Se risulta dal catasto vuol dire che qualcuno ha fatto la variazione, purtroppo però il catasto per definizione è "non probatorio" pertanto non servirebbe a nulla se non come aggancio ad eventuali annotazioni su atti di cessioni di diritti.
NIEDDINA :
Grazie, ora ho capito cosa intendesse.Il problema è proprio che questa particella al momento dell'acquisto del terreno non esisteva, il frazionamento è stato fatto tempo dopo non si sa nè da chi nè quando, e questa particella di 20 mq è stata intestata al confinante. Si immagini che arrivi un nuovo vicino e le dica che 20 mq del suo giardino, suo da 40 anni, sono di sua proprietà e glieli deve restituire! Per questo la situazione è complessa...come è possibile fare un frazionamento senza il consenso del proprietario???
marco :
Verifichi anche la possibilità che il suo committente possa aver usucapito la particella di 20 mq.
NIEDDINA :
Credo che sia questo il caso di usucapione, verificherò da quanto tempo è stata creata questa particella e da chi, di certo è stata una azione clandestina e poco pulita
Una ultima cortesia: nel caso si voglia modificare il nominativo del proprietario della particella o cancellarla per ripristinare lo stato attuale, come si dovrebbe procedere?
marco :
L'usucapione va valutata con estremo rigore, mi raccomando. Non basterà dimostrare l'aver semplicemente coltivato o curato il terreno o il giardino di quei 20 mq. Occorrerà sicuramente un legale.

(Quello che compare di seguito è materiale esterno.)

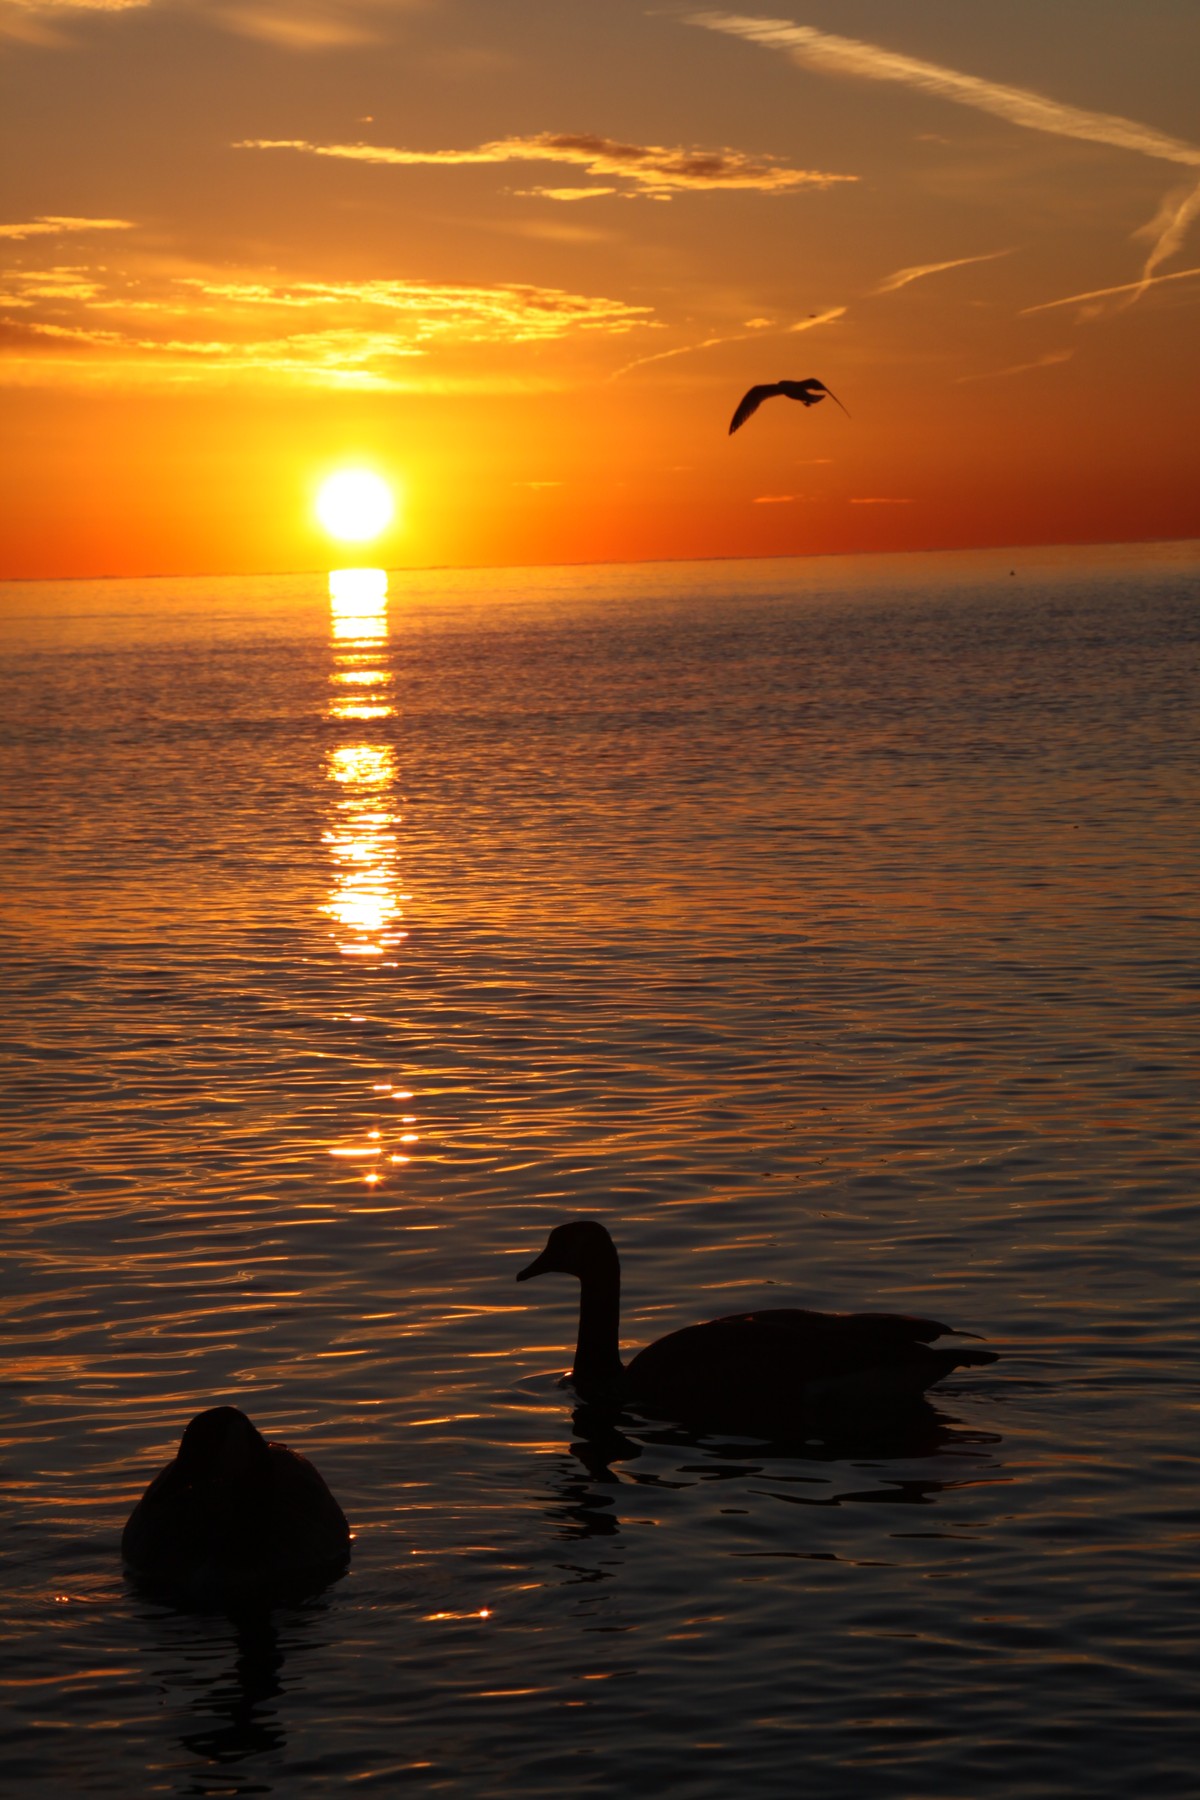 Sunrise over lake ontario with swans | lam_chihang  -  Foter  -  CC BY 2.0

Sia nel caso di Azione di Reintegrazione che nel caso di Usucapione occorrerà ricorrere in giudizio.
marco :
Poi si dovranno trasmettere i documenti alla locale conservatoria; penserà questo ufficio alla trascrizione della proprietà.
NIEDDINA :
Non so come ringraziarla..è stato veramente molto gentile, ora ho le idee più chiare..grazie ancora
marco :
Di solito passano diversi mesi tra la deposizione in conservatoria e la trascrizione della proprietà nel catasto; è proprio per questo che il catasto non è probatorio e non può essere usato come prova della proprietà bensì si ricorre ad autodichiarazioni, la cui responsabilità penale è a carico del dichiarante.